During her reading at the bookstore, Harrison demonstrated her point.
"Do you guys get ... that I'm not saying that wearing labels on clothes," she asked the girls. "I'm not saying this is the way we should live our lives right? Do you guys understand the point of this? Would someone like to tell me what it is? I just need to hear it because I'm alone all the time."
Their answer? Yes.
"I would lip kiss you right now if I wasn't so far away," she continued. "And what do you think about girls that obsess over clothing labels. Do you think that's a good thing? Do you guys want to be like that?"
The answer? No.
"Say it again, sisters! Say it again!" Harrison instructed them.
"NO!"
Later, at least some girls -- and their moms -- said "The Clique" books help.
One mother, Robin, said she didn't have any concerns when her daughter Hannah started reading the books.

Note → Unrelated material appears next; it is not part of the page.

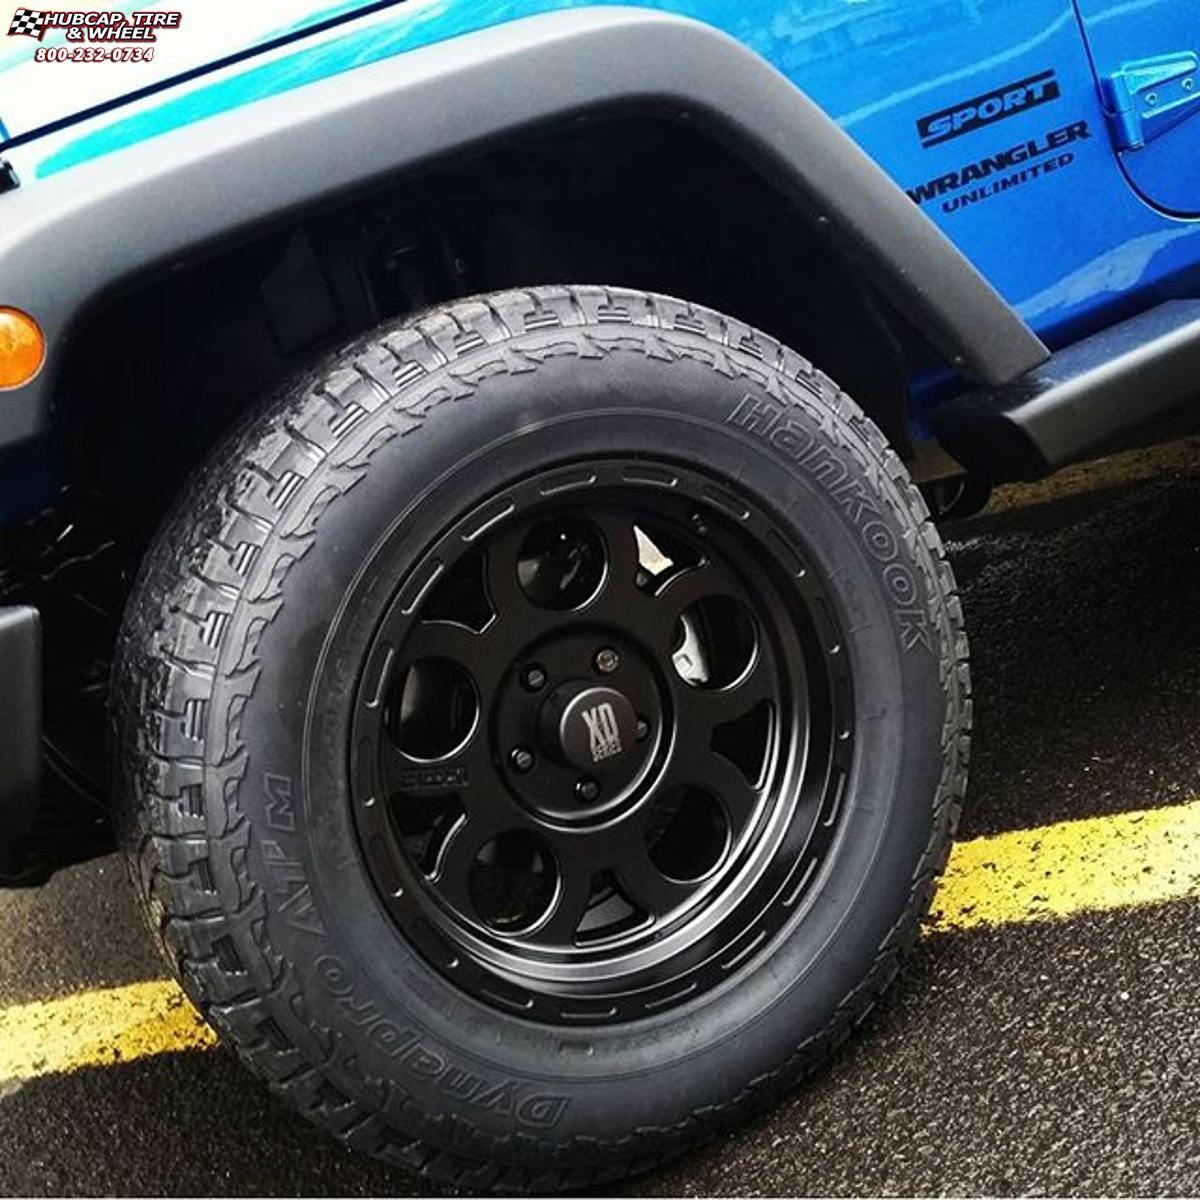 Jeep Wrangler Xd Series Xd122 Enduro Wheels Matte Black

"I didn't. Only because Hannah had gone through some stuff with some mean girl. And so, I thought it was a really good thing for her to see some other characters and how they dealt with the circumstances that she might have experienced," she said. "We come from an area where there are a lot of cliques, especially in middle school."
Robin said Hannah's experiences with her girlfriends brought them closer as mother and daughter as they looked for answers together. And one place Hannah looked for answers was in Harrison's books.
"I can talk to her about everything," Hannah said of her mom. "I actually talk to her about the books and stuff. It's cool."
So, the girls get it, this new kind of writing for children -- where the old certainties are left far behind.
"The moral of the story is," Harrison said, "accept yourself for you who are."
Accept yourself. For so many girls, that may just be the hardest task of all.